Dataset content:
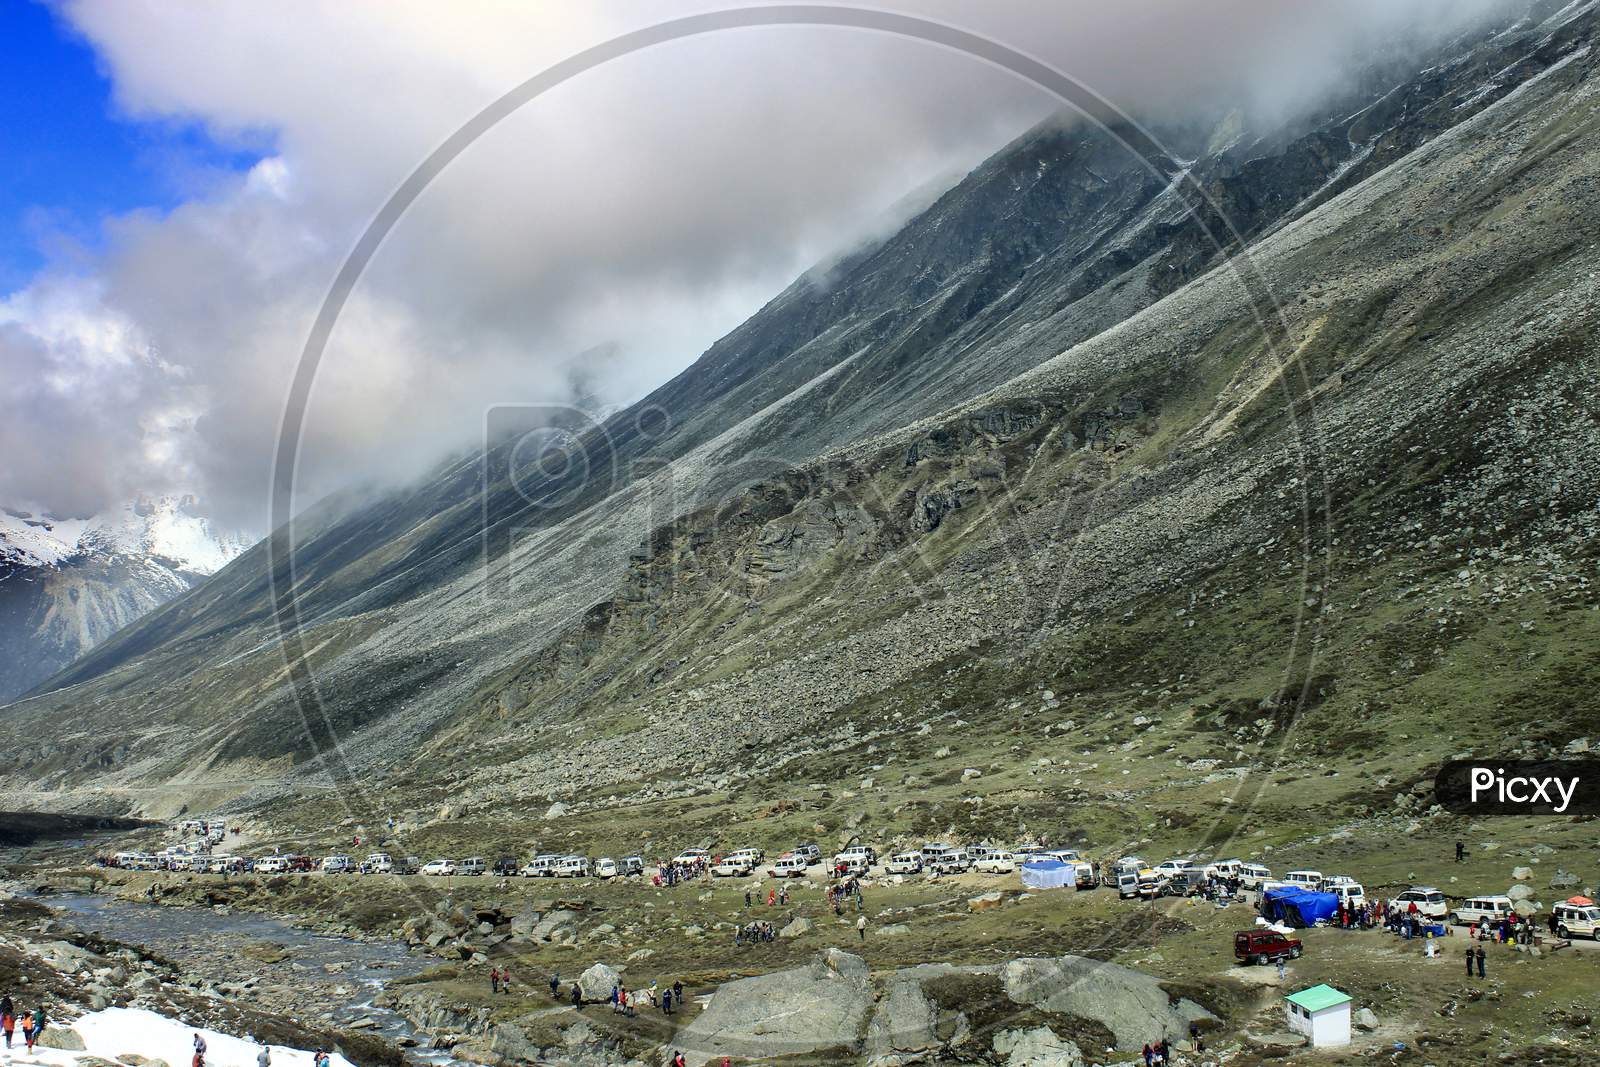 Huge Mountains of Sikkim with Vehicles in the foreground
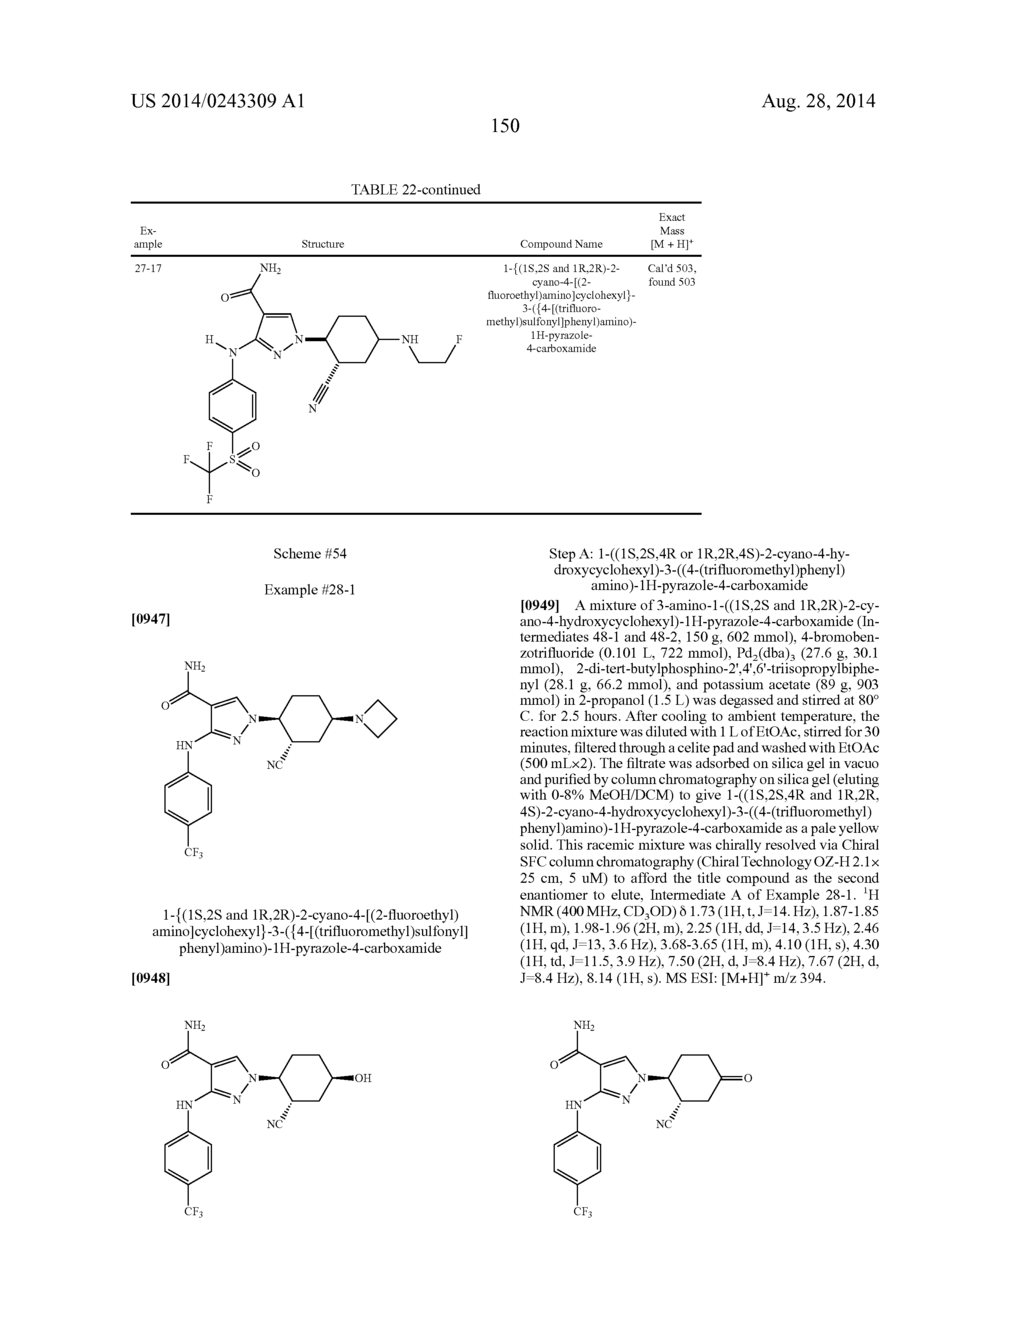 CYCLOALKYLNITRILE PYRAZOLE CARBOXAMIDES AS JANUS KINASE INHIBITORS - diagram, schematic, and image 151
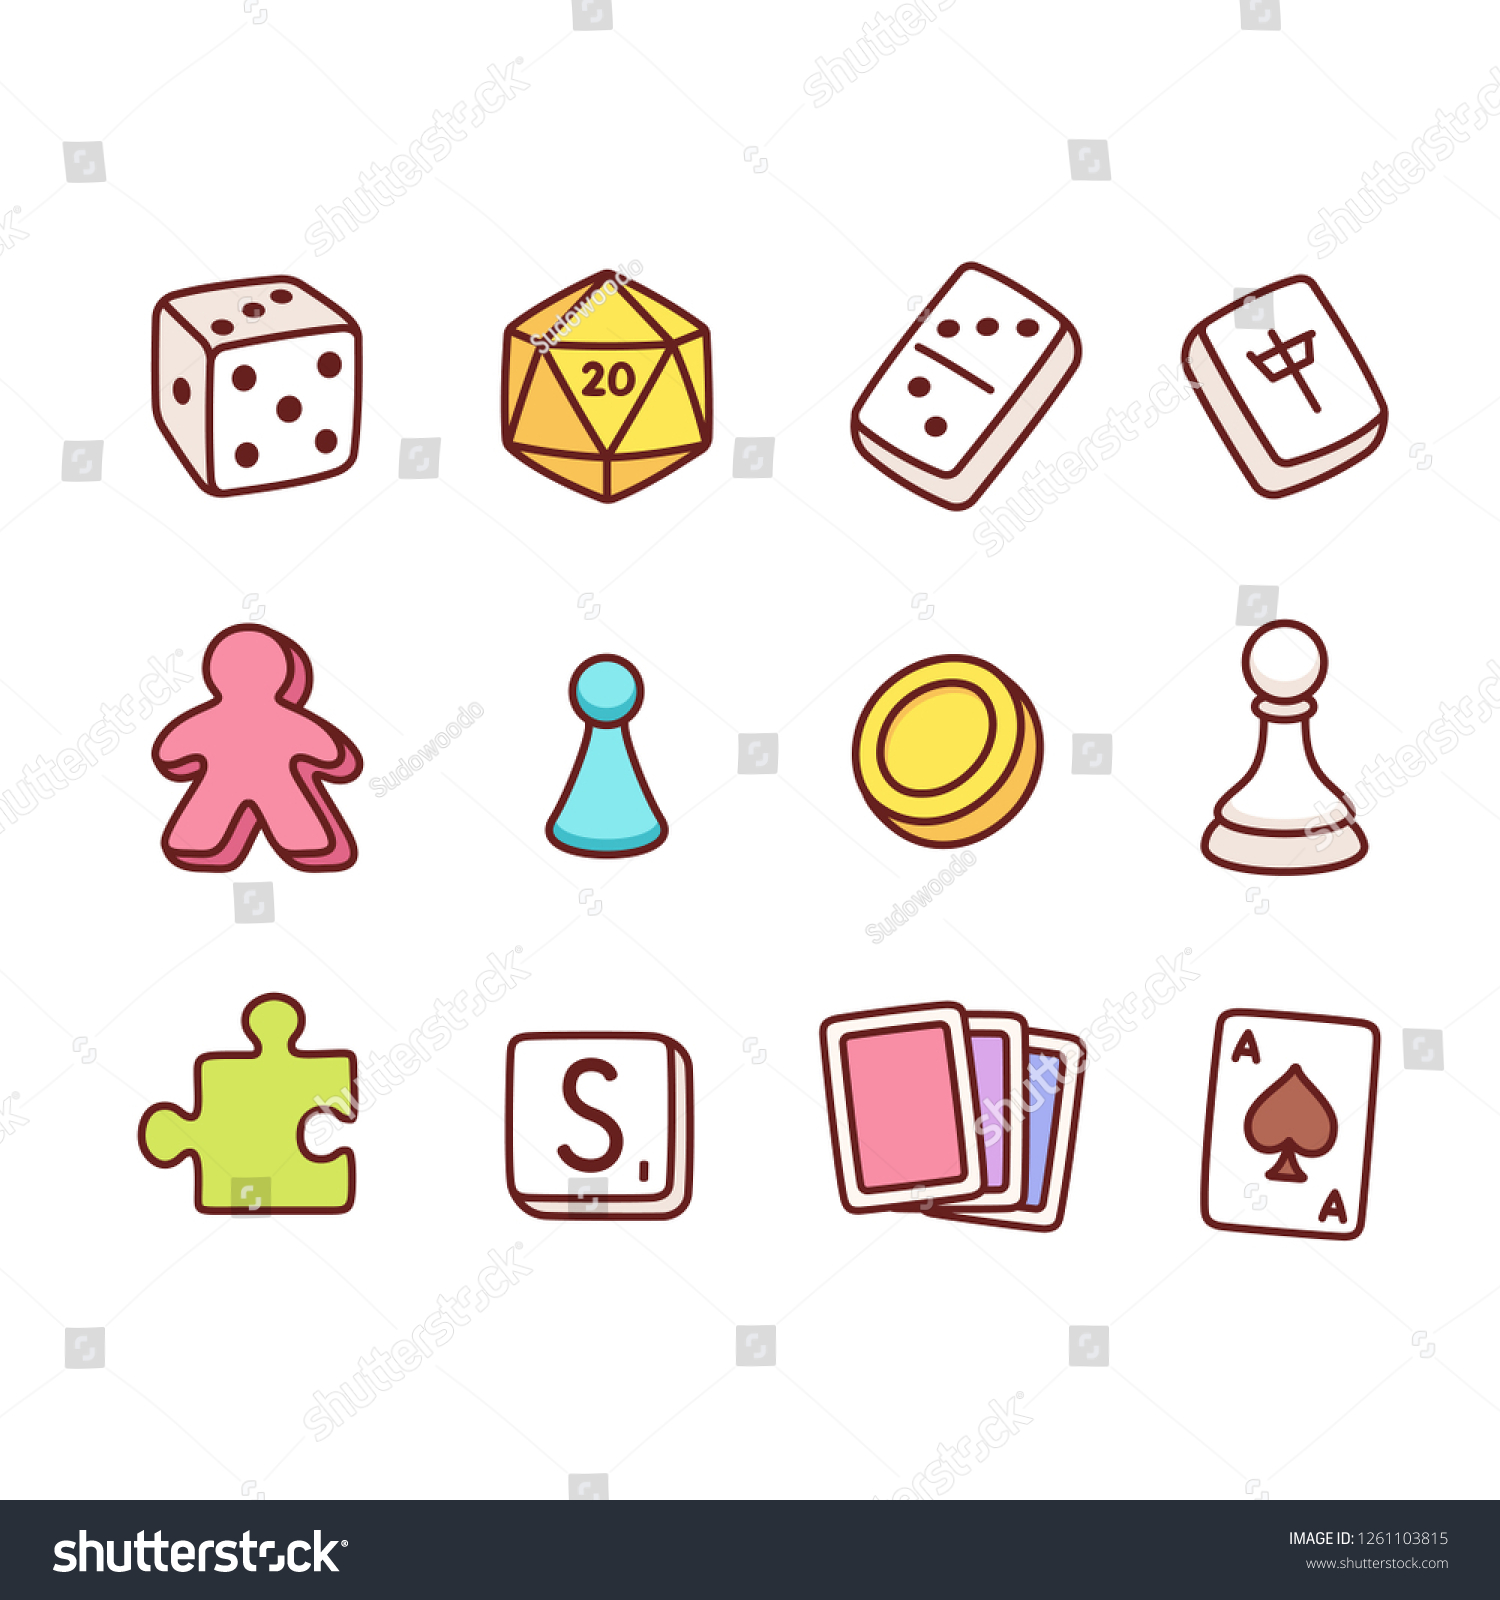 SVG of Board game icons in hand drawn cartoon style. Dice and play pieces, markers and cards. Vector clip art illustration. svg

Activity: Transcribe the data completely. No pictures should appear in the transcription.

Response for this exercise:
 Huge Mountains of Sikkim with Vehicles in the foreground
 CYCLOALKYLNITRILE PYRAZOLE CARBOXAMIDES AS JANUS KINASE INHIBITORS - diagram, schematic, and image 151
 SVG of Board game icons in hand drawn cartoon style. Dice and play pieces, markers and cards. Vector clip art illustration. svg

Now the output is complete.